Question 7.25: A solid shaft is required to transmit a torque of 125 N·m. A......

The dimensions of the Woodruff key are shown in Figure 7.31.

As per notation, refer to Figure 7.30.

D = 16.0 mm

h = 4.0 mm

Diameter of the shaft is obtained as

d=\left(\frac{16 T}{\pi \tau_s}\right)^{1 / 3}=\left(\frac{16 \times 125 \times 1000}{\pi \times 87.075}\right)^{1 / 3}=19.4 \mathrm{~mm}

d = 20 mm

where

\tau_s=0.18 \times 645=116.1 \mathrm{~MPa}

or =0.3 \times 532=159.6 \mathrm{~MPa}

Hence the allowable stress is

\tau_s=0.75 \times 116.1=87.075 \mathrm{~MPa}

Force acting on the key is obtained from the relation

F=\frac{2 T}{d}

=\frac{2 \times 125 \times 1000}{20}=12.5 \mathrm{~kN}

Torque transmitted by shear of the key is

T=\tau_{\mathrm{key}} \times A_s \times \frac{d}{2}

125 \times 1000=204.64 \times A_s \times \frac{20}{2}

Solving for shear area A_s

A_s=\frac{125 \times 1000 \times 2}{204.64 \times 20}=61.08 \mathrm{~mm}^2

where \tau_{\text {key }}=0.577 \times \frac{\sigma_y}{2}=\frac{0.577 \times 532}{2}=204.64 \mathrm{~MPa}

Shear area A_s=\mathrm{CD} \times h

61.08 = CD × 4

CD = 15.27 mm

Torque capacity of the key in compression (inside the shaft)

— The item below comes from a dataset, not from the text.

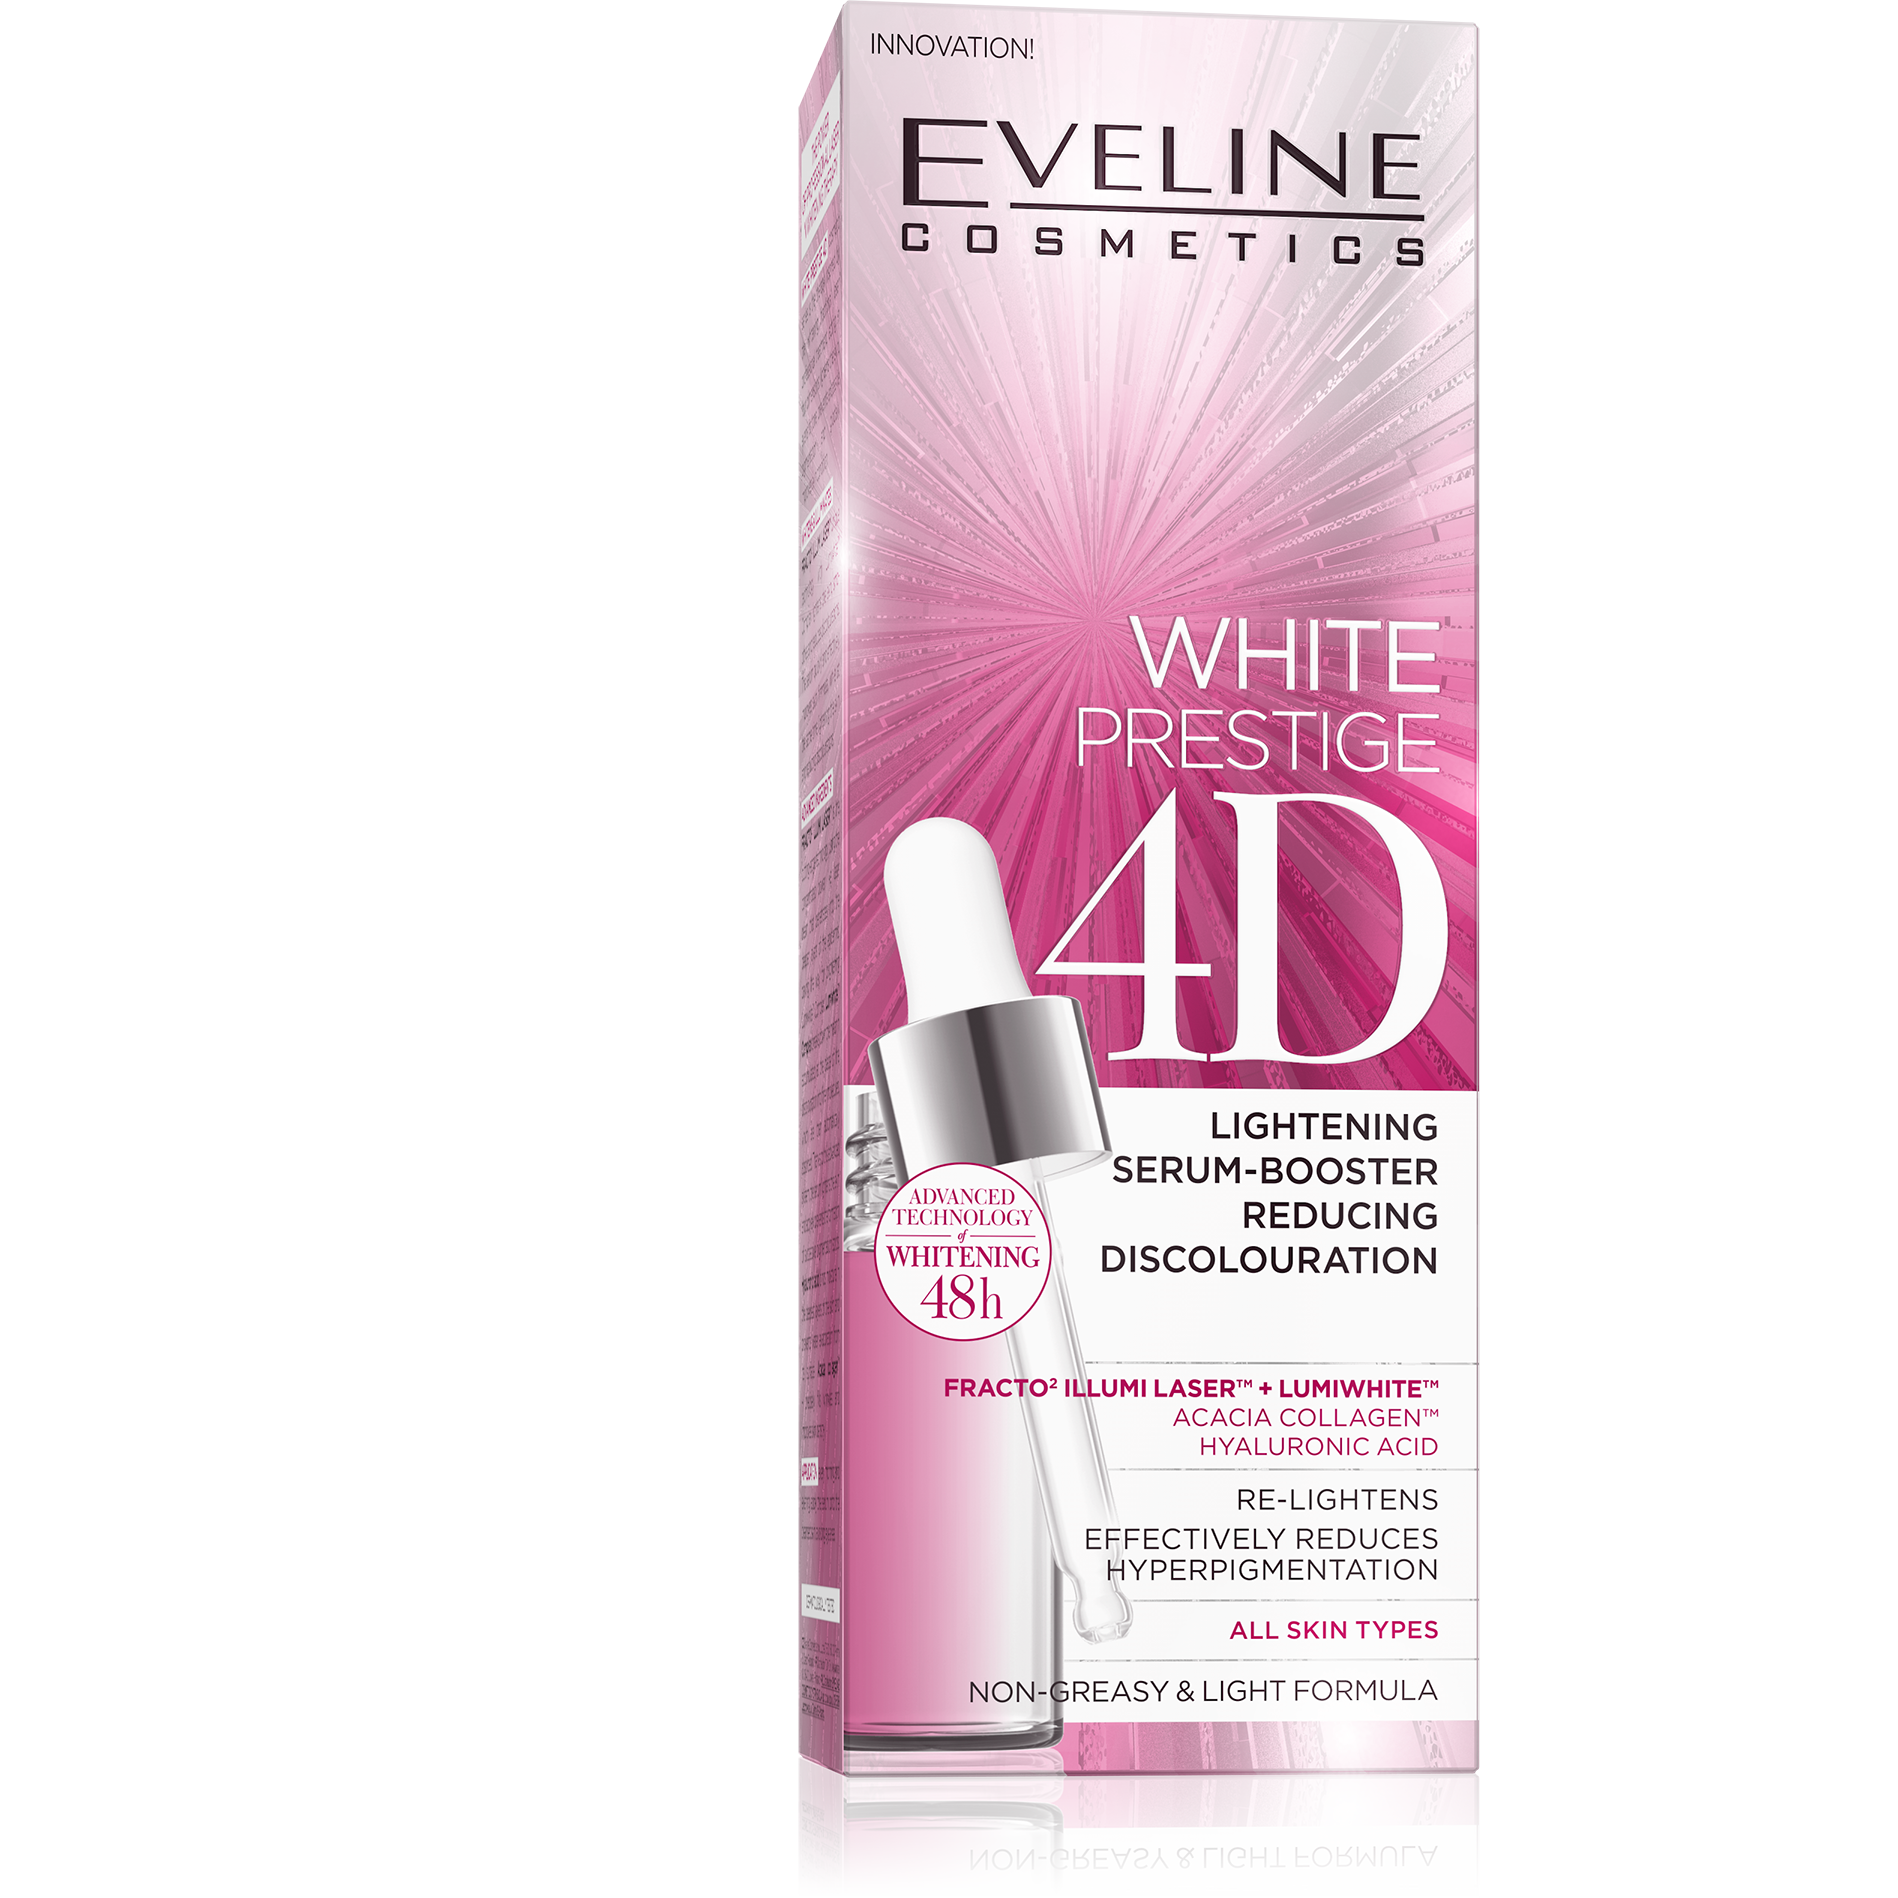 White Prestige 4D Lightening Serum Booster Reducing Discoloration

T=\sigma_c \times A_c \times \frac{d}{2}

125 \times 1000=\frac{532}{1.5} \times A_c \times \frac{20}{2}

A_c=35.24 \mathrm{~mm}^2

Area of the key inside the hub

A_{c(h)}= Area of the key – area of the key in contact with the shaft

=A-A_{c(s)}

The total area of the key, A=\frac{\pi}{8} D^2

=\frac{\pi}{8} \times 16^2=100.53 \mathrm{~mm}^2

Considering the area A_c=A_{c(h)}, i.e. crushing area in the hub

35.24=100.53-A_{c(s)}

Solving, we get

A_{c(s)}=66.29 \mathrm{~mm}^2

\sin \theta=\frac{\mathrm{DE}}{\mathrm{OD}}=\frac{\mathrm{CD}}{2 \times \mathrm{OD}}

\sin \theta=\frac{15.27}{2 \times 8}=0.954

\theta=72.55^{\circ}

Now,

A_{c(s)}=\frac{2 \theta}{180} A-\frac{1}{2} \mathrm{CD} \times \mathrm{OE}

Substituting the values, we get

66.29=\frac{2 \times 72.55}{180} \times 100.53-\frac{1}{2} \times 15.27 \times \mathrm{OE}

Solving, we get

OE = 1.93 mm

Hence, the key should be at least 1.93 mm inside the hub.